Now that we’ve covered the whole iterator chain, let’s take a moment to reflect on some interesting properties of this whole setup. First, notice that as we create our iterator chain, nothing actually happens until we call `sum`. That is, you might expect that calling `vec1.iter().zip(vec2.iter())` would go and allocate a new vector that contains pairs from both slices, but, as we’ve seen, it does not. It just creates a `ZipIter` that holds references to both slices. In fact, no vector of pairs is ever created (unless you ask for one by calling `collect`). Thus iteration can be described as lazy, since the various effects described by an iterator take place at the last possible time.

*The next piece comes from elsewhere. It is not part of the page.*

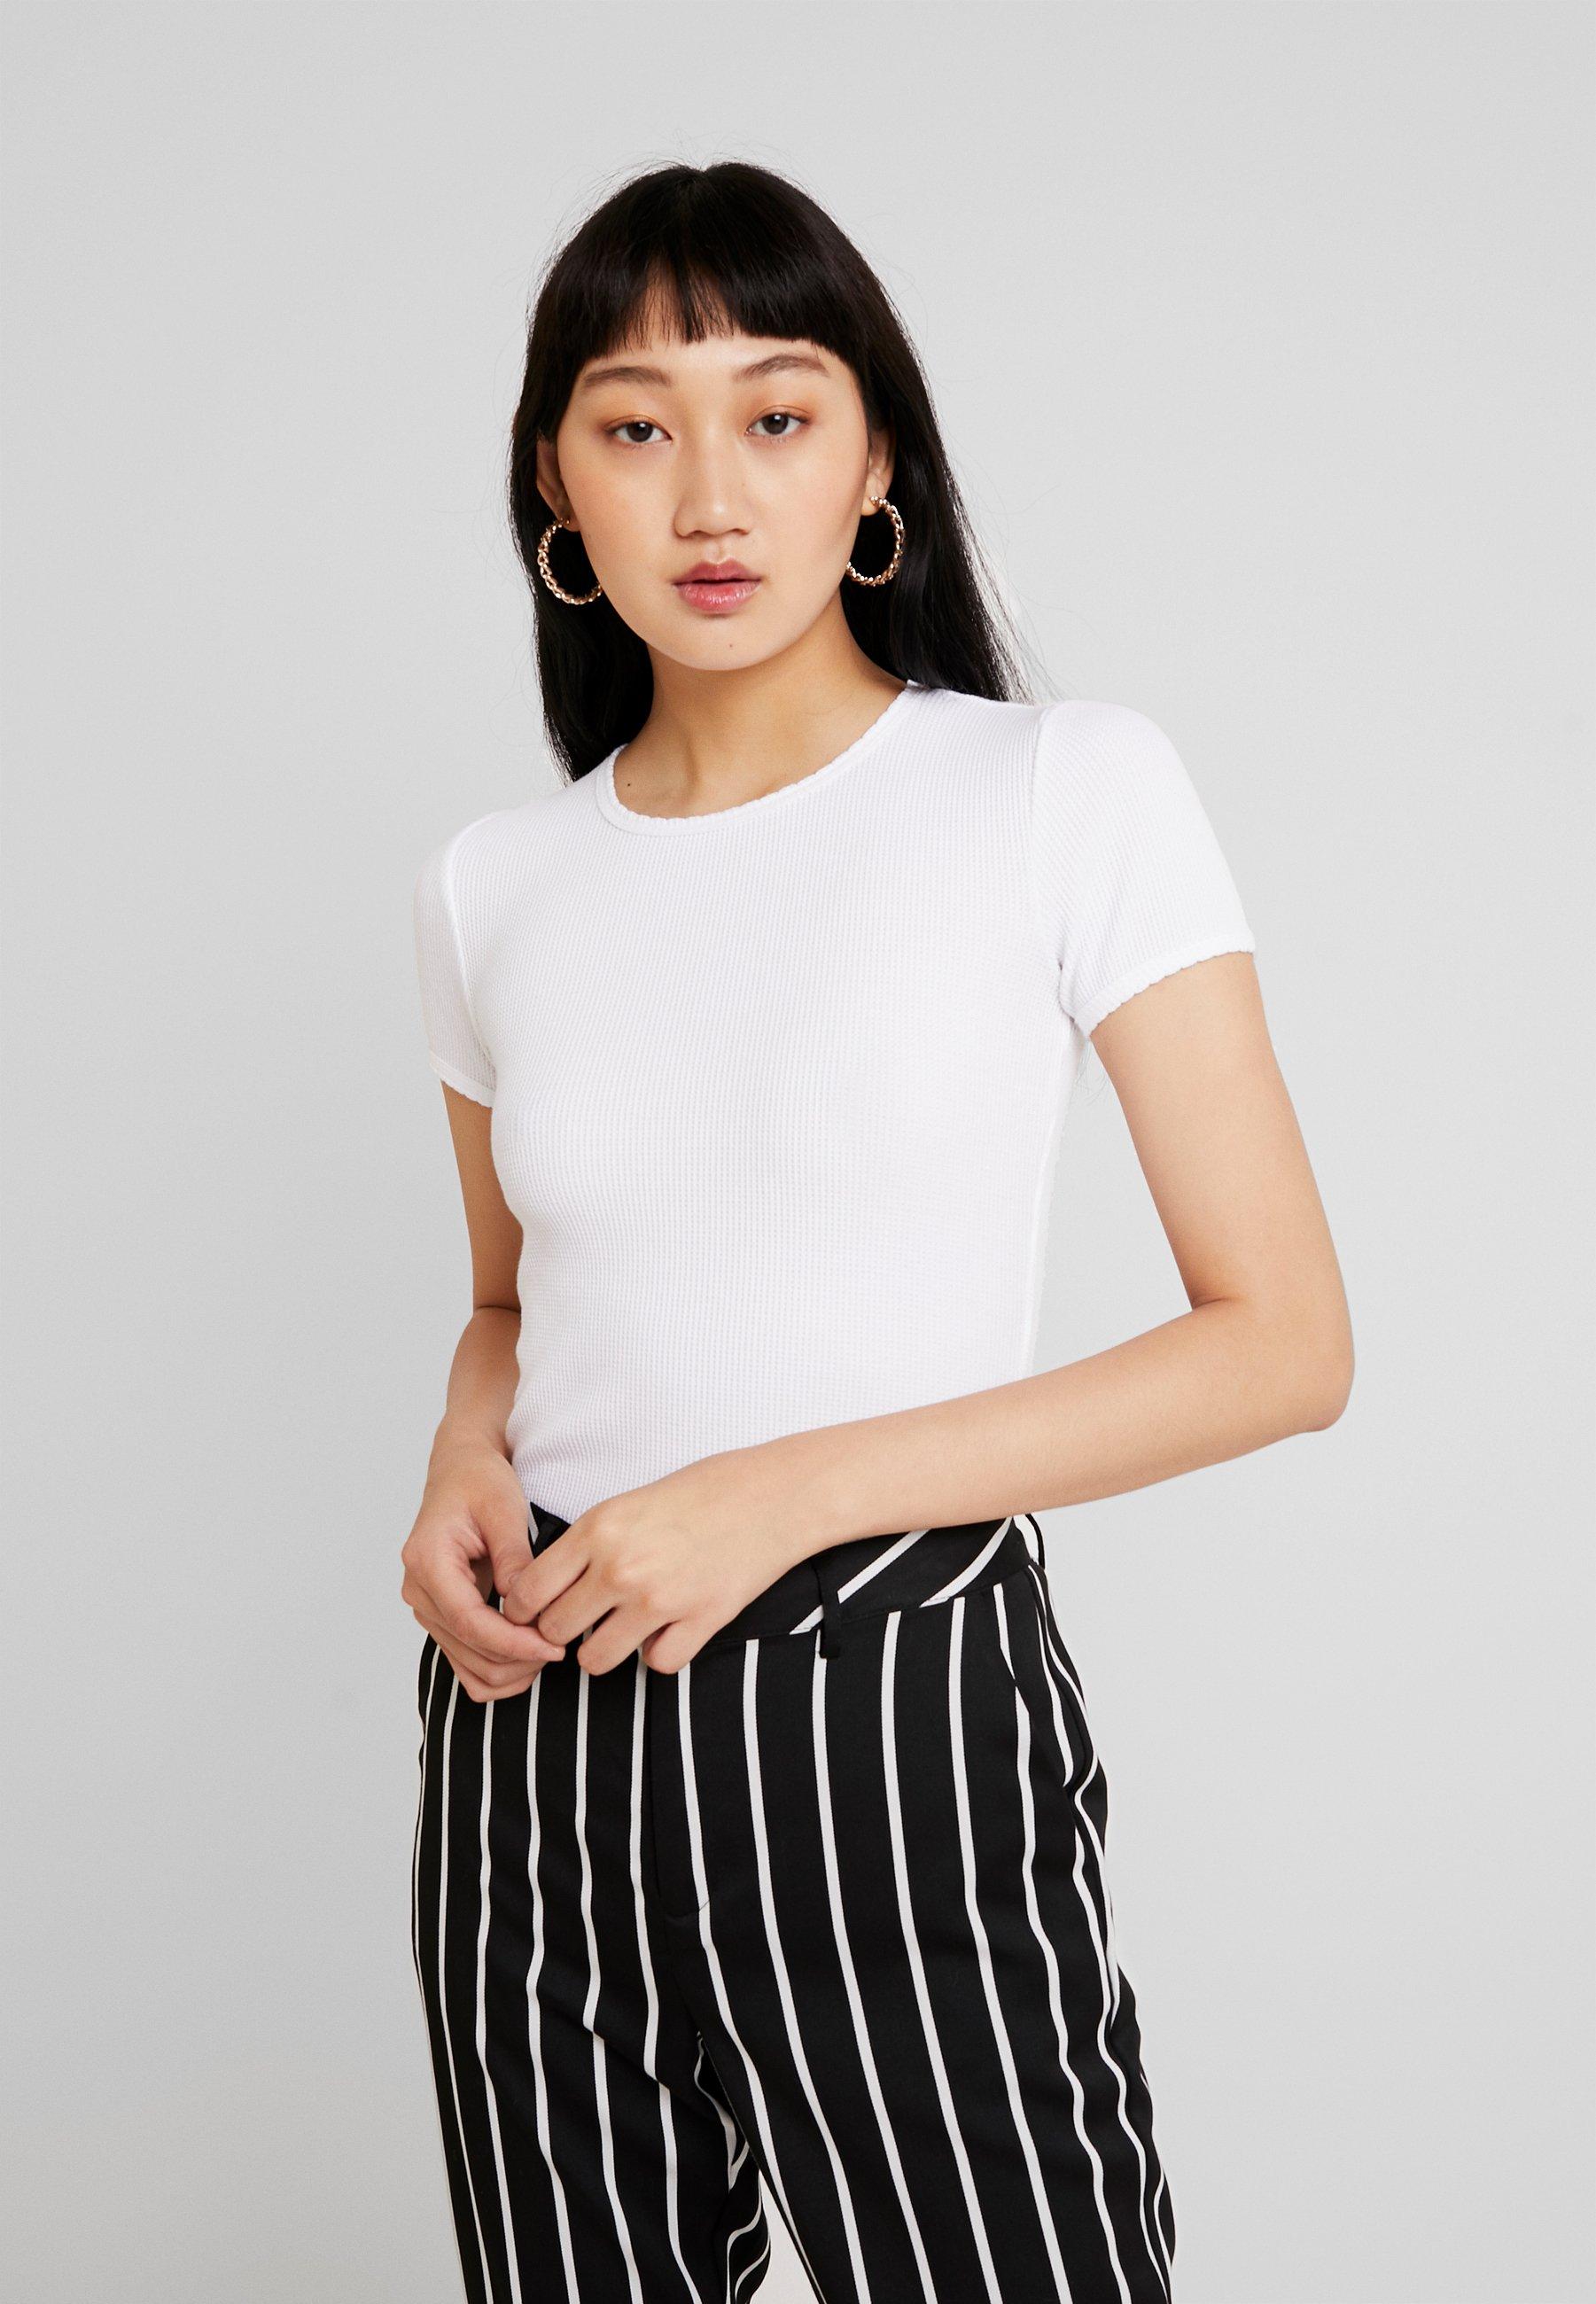 shirt Imprimé Baby Waffle White Hollister TeeT CoCrop c5uF13JTlK

The other neat thing is that while all of this code looks very abstract, it actually optimizes to something very efficient. This is a side effect of all those generic types that we saw before. They basically ensure that the resulting iterator has a type that describes precisely what it is going to do. The compiler will then generate a custom copy of each iterator function tailored to that particular type. So, for example, we wind up with a custom copy of `ZipIter` that is specific to iterating over slices, and a custom copy of `MapIter` that is specific to multiplying the results of that particular `ZipIter`. These copies can then be optimized independently. The end result is that our dot-product iteration chain winds up being optimized into some very tight assembly; in fact, it even gets vectorized. You can verify this yourself by looking at this example on play and clicking the “ASM” button (but don’t forget to select “Release” mode). Here is the inner loop you will see:

``````.LBB0_8:
movdqu	(%rdi,%rbx,4), %xmm1
movdqu	(%rdx,%rbx,4), %xmm2
pshufd	\$245, %xmm2, %xmm3
pmuludq	%xmm1, %xmm2
pshufd	\$232, %xmm2, %xmm2
pshufd	\$245, %xmm1, %xmm1
pmuludq	%xmm3, %xmm1
pshufd	\$232, %xmm1, %xmm1
punpckldq	%xmm1, %xmm2
incq	%rax
jne	.LBB0_8
``````

Neat.

### Recap

So let’s review the criticial points of sequential iterators:

• They are lazy. No work is done until you call `next`, and then the iterator does the minimal amount of work it can to produce a result.
• They do not allocate (unless you ask them to). None of the code we wrote here requires allocating any memory or builds up any intermediate data structures. Of course, if you use an operation like `collect`, which accumulates the iterator’s items into a vector or other data structure, building that data structure will require allocating memory.
• They are generic and highly optimizable. Each iterator combinator uses generic type parameters to represent the types of the prior iterator that it builds on, as well as any closures that it references. This means that the compiler will make a custom copy of the iterator specialized to that particular task, which is very amenable to optimization.
• This is in sharp contrast to iterators in languages like Java, which are based on virtual dispatch and generic interfaces. The design is similar, but the resulting code is very different.

So in summary, you get to write really high-level, convenient code with really low-level, efficient performance.